Hotel TwentySeven
When you book Hotel TwentySeven in Amsterdam, Netherlands through our Virtuoso partnership, your stay includes daily breakfast, room upgrades and a $100 hotel credit.
Exclusive Booking Perks
- Upgrade on arrival, subject to availability
- Daily Full breakfast for up to two guests per bedroom, served in the restaurant
- $100 USD equivalent Food & Beverage credit to be utilized during stay (not combinable, not valid on room rate, no cash value if not redeemed in full)
- Guests in our Signature Suites will also receive a Complimentary one-way private airport transfer
- Early check-in / Late check-out, subject to availability
Location
Hotel TwentySeven occupies a prime address in Burgwallen-Oude Zijde, the oldest quarter of Amsterdam's historic centre, where the city's medieval origins meet the refined legacy of the Dutch Golden Age. This is the Venice of the North at its most atmospheric: narrow cobbled lanes thread between gabled canal houses, bells chime from the Oude Kerk's bell tower, and the Amstel River flows quietly past stone bridges that have stood for centuries. The neighbourhood hums with life inherited from Amsterdam's 17th-century heyday as a global trading capital, when merchant ships docked along these canals and bankers built fortunes that funded Rembrandt and Vermeer.
Walk south two blocks and you reach the UNESCO-inscribed Seventeenth-Century Canal Ring, a geometrically elegant system of waterways and towpaths that remains one of the great achievements of Dutch urban planning. The Nishi Japanese Mini Mall and Waterlooplein Market lie a short stroll east, the latter a sprawling flea market where locals bargain for antiques and vintage curiosities under open-air canopies. The air smells of stroopwafels from street-side vendors and damp brick after rain.
Amsterdam Airport Schiphol is eleven kilometres southwest, connected by direct rail service that takes fifteen minutes. The property sits at the intersection of history and contemporary Dutch culture, where centuries-old architecture frames modern galleries, canal-side cafés, and a cycling culture that defines the city's rhythm.
On-site, Bougainville serves modern international cuisine in an intimate, bronze-toned dining room where luxurious fabrics and romantic lighting set the tone for refined evenings. Half a kilometre south, Flore at De L'Europe holds two Michelin stars for its conscious contemporary French cooking, a standout among Amsterdam's dense concentration of starred restaurants. The White Room by Jacob Jan Boerma, also one-starred, combines classical elegance with contemporary design inside the Anantara Grand Hotel Krasnapolsky, where gilded details evoke old-world grandeur. Book a table at Flore for a meal that balances technical precision with a commitment to sustainable sourcing and inventive presentation.

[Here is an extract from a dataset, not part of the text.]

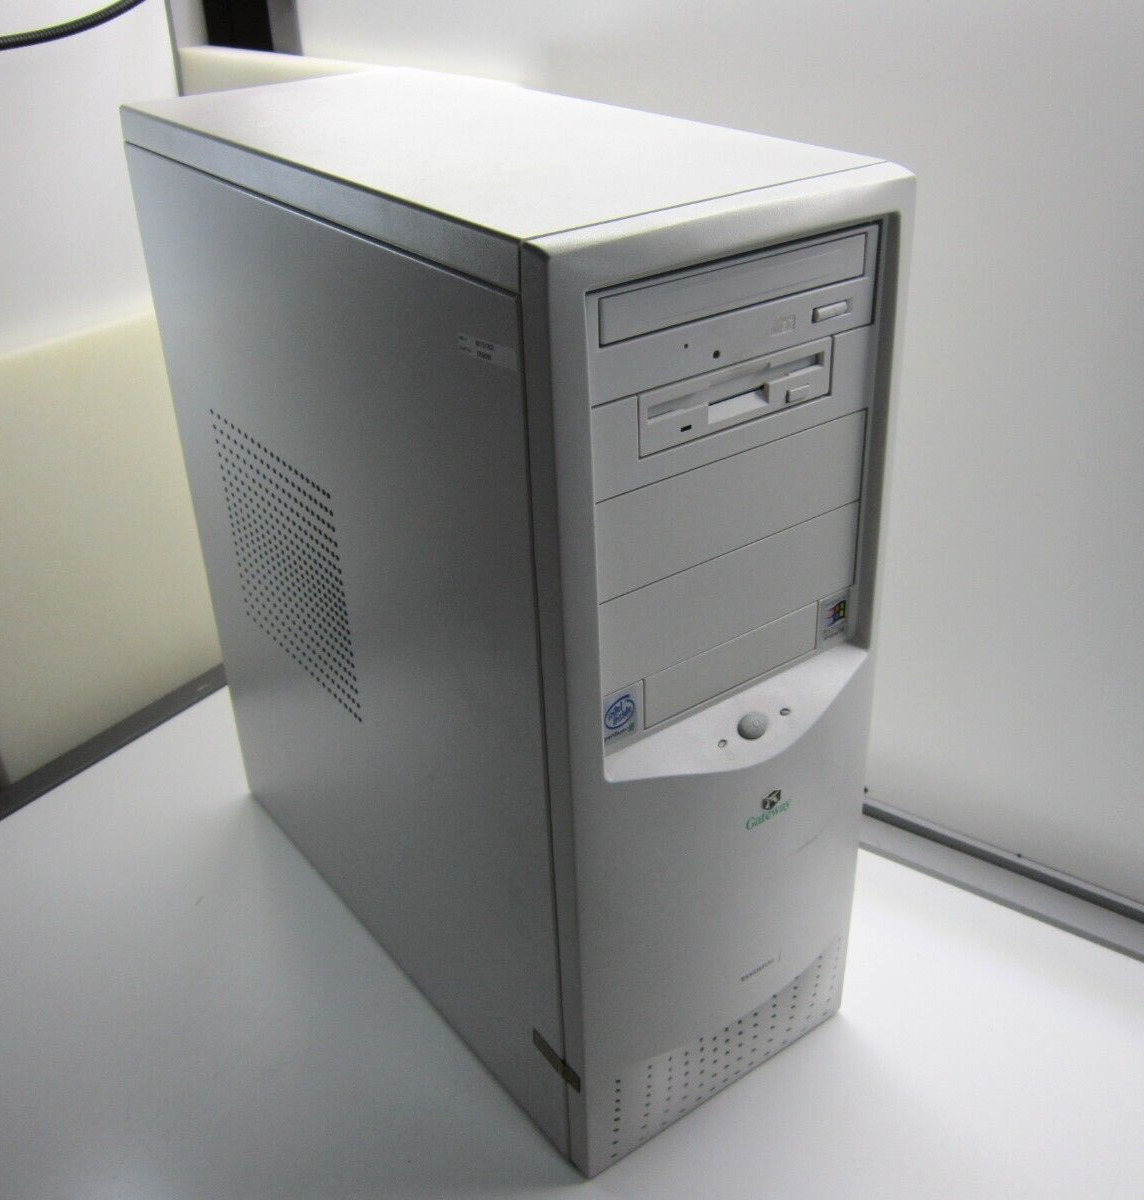 NICE Gateway Essential 500 Pentium III 500MHz 384MB RAM Win98SE VINTAGE GAMING
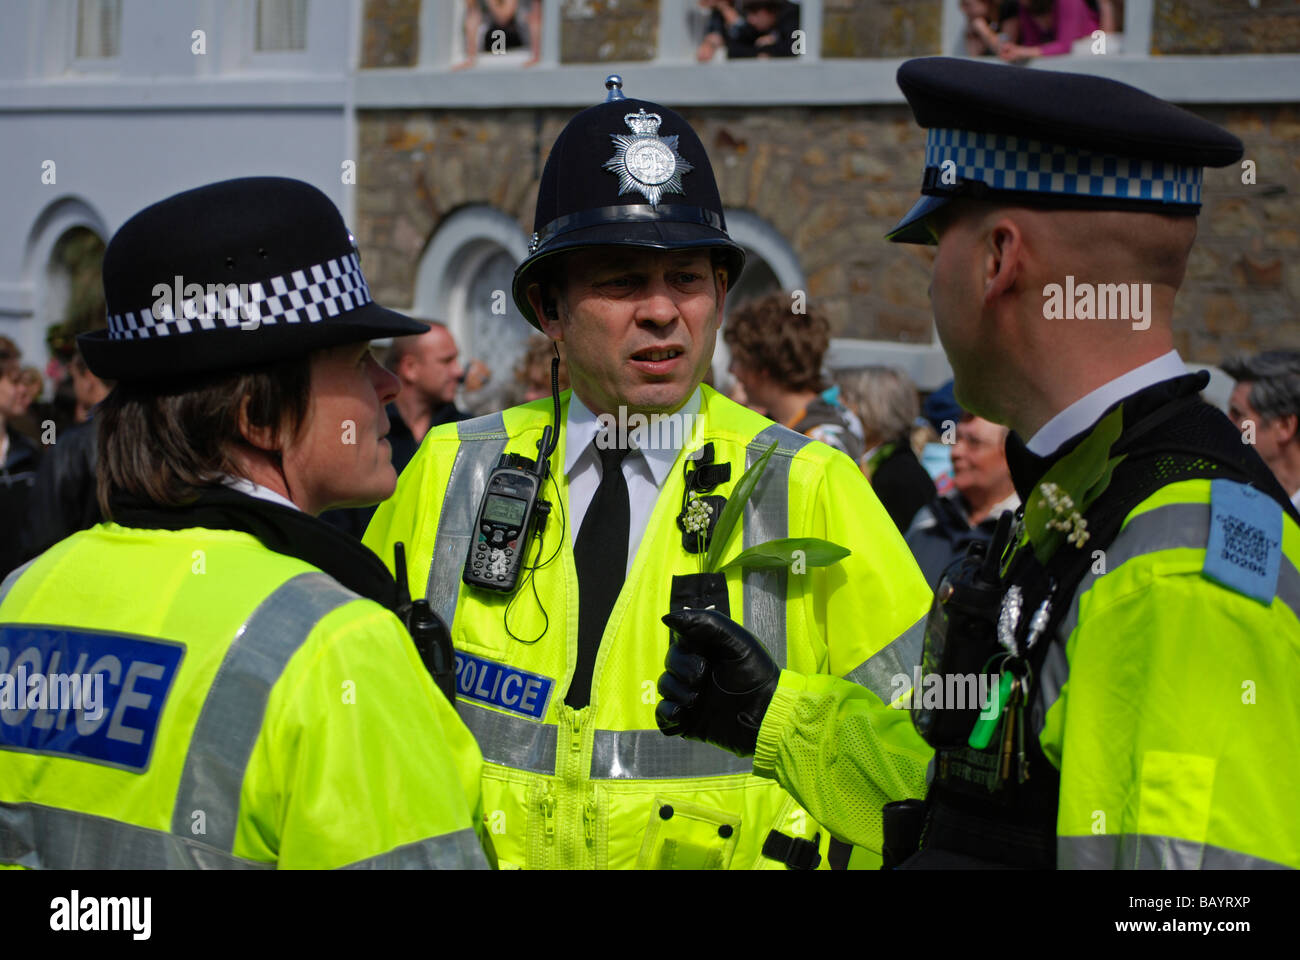 La policía británica sobre el deber de control de multitudes en la flora helston día,helston, Cornwall, UK Foto de stock

Beyond dining, the historic centre unfolds in layers. The Oude Kerk, Amsterdam's oldest parish church, anchors the neighbourhood with its Gothic arches and centuries of silence. Waterlooplein Market, less than a kilometre east, sprawls across open squares where vendors hawk everything from vinyl records to Soviet-era cameras. The Seventeenth-Century Canal Ring stretches in concentric loops around the medieval core, its tree-lined quays best explored on foot or by bicycle. Don't miss the Plantenmarkt, a floating flower market where tulip bulbs and potted orchids crowd barges along the Singel canal, a living echo of the Dutch trading empire that once moved exotic goods across continents.
Spring arrives slowly, with March light turning pale gold as temperatures climb into the low teens. By May, the city blooms, tulips spill from window boxes, and canal-side terraces fill with locals nursing espresso in the lengthening afternoons. Summer stretches warm and luminous, temperatures hovering around twenty degrees, though June brings heavier rainfall that sends cyclists under awnings and fills the canals with ripples.
Autumn transforms the city into a study in amber and rust, plane trees shedding leaves onto cobblestones as September fades into cooler October evenings. The light turns slanted and soft, ideal for museum afternoons and brown café dinners. Winter is crisp and grey, the canals occasionally freezing over, the streets quieter, the air sharp with cold that makes canal-side walks bracing and brief.